CFTC Commitment of Traders Report (Disaggregated) as of 2025-09-23
Crude Oil Positioning (WTI-PHYSICAL - NYMEX):
Open Interest: 1,936,690 contracts (-25,930)
Managed Money Net Position: 26,483 contracts (1.4% of OI)
Weekly Change in Managed Money Net: -10,316 contracts
Producer/Merchant Net Position: 283,712 contracts
Swap Dealer Net Position: -402,312 contracts
Market Sentiment (based on Managed Money): Bullish but Weakening
Positioning Analysis (Managed Money): Normal Range
Key Takeaways:
- Managed Money traders are large speculators, often driving price trends in Crude Oil.
- Producer/Merchant positions primarily reflect hedging activity.
- Swap Dealers act as intermediaries.
- Extreme positioning by Managed Money can indicate potential market reversals.
- CFTC data reports positions as of the report date, usually released each Friday.
About Disaggregated CoT Reports:
The Disaggregated CoT report provides a more detailed breakdown of futures market open interest.
It categorizes traders into: Producer/Merchant/Processor/User (Commercials), Swap Dealers, Managed Money (Speculators), and Other Reportables.

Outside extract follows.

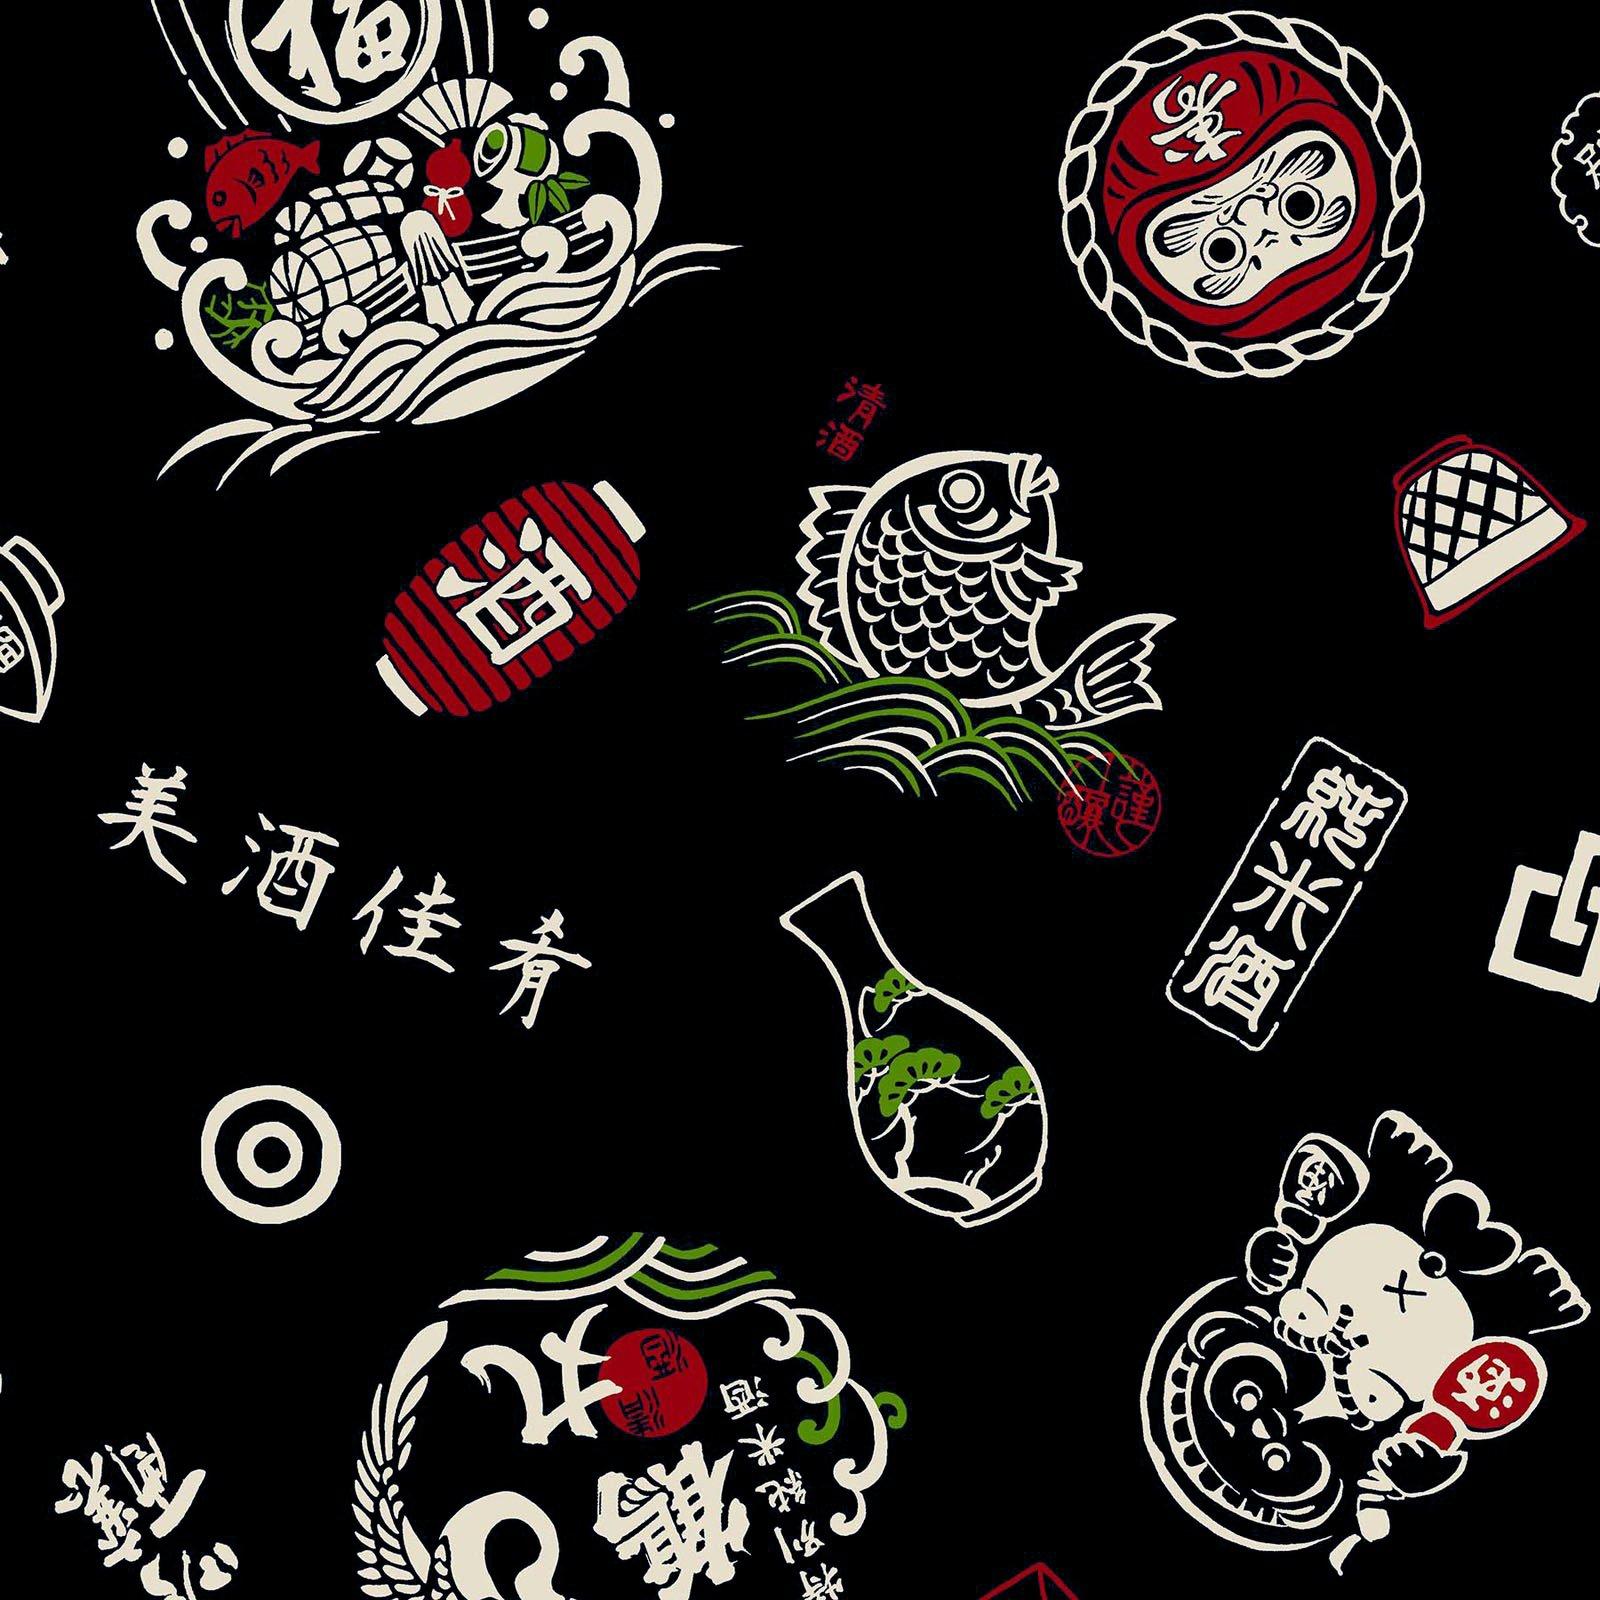 Retro Japanese Style - Sushi Bar Motifs - Black

| Date | Prediction | Lower Bound | Upper Bound |
|---|---|---|---|
| 2025-10-30 | $60.3 | $58.05 | $62.55 |
| 2025-10-31 | $60.35 | $58.11 | $62.6 |
| 2025-11-01 | $60.45 | $58.2 | $62.7 |
| 2025-11-02 | $60.49 | $58.25 | $62.74 |
| 2025-11-03 | $60.49 | $58.24 | $62.74 |
The Crude Oil market is currently showing signs of bullish sentiment, with an overall market sentiment score of +0.600. However, caution is advised as the managed money positioning indicates a weakening bullish stance, with a net position of 26,483 contracts—a decrease of 10,316 contracts week-on-week.
The Brent-WTI spread has widened to $4.25, reflecting ongoing global supply/demand dynamics. Traders should monitor this spread closely as it can signal potential volatility in the short-term.
Key support levels are currently being established around the $60 mark for WTI, while resistance levels may be tested at $67 for Brent. Traders should be vigilant for price movements around these levels as they could present short-term trading opportunities.
The current market conditions suggest a need for careful production planning. With the OPEC crude production increasing to an average of 43.05 mb/d, producers should assess their own output levels to remain competitive.
The balance of supply and demand indicates stable demand for DoC crude at 42.5 mb/d in 2025, which is a positive sign for future pricing stability. However, the inventory levels are a concern, with OECD commercial stocks 192.0 mb below the 2015–2019 average. This could impact hedging strategies and pricing forecasts.
Consumers should prepare for potential input cost fluctuations as WTI and Brent prices are expected to remain volatile. The current price levels are around $63.53 for WTI and $67.58 for Brent, which could impact procurement strategies.
Supply reliability remains a concern due to geopolitical factors, particularly sanctions affecting Russian energy supplies. The tightening of diesel markets and ongoing refinery maintenance could lead to supply disruptions in the near term.
The Crude Oil market is currently characterized by a bullish sentiment supported by stable global economic growth forecasts of 3.0% for 2025. However, the ongoing bearish positioning from managed money traders could indicate potential price reversals.
The key driving factors include a stable demand growth forecast of 1.3 mb/d for 2025, while production from non-DoC countries is expected to increase by 0.8 mb/d. This suggests a tightening market, but the inventory levels and geopolitical tensions remain significant concerns that could shift the outlook.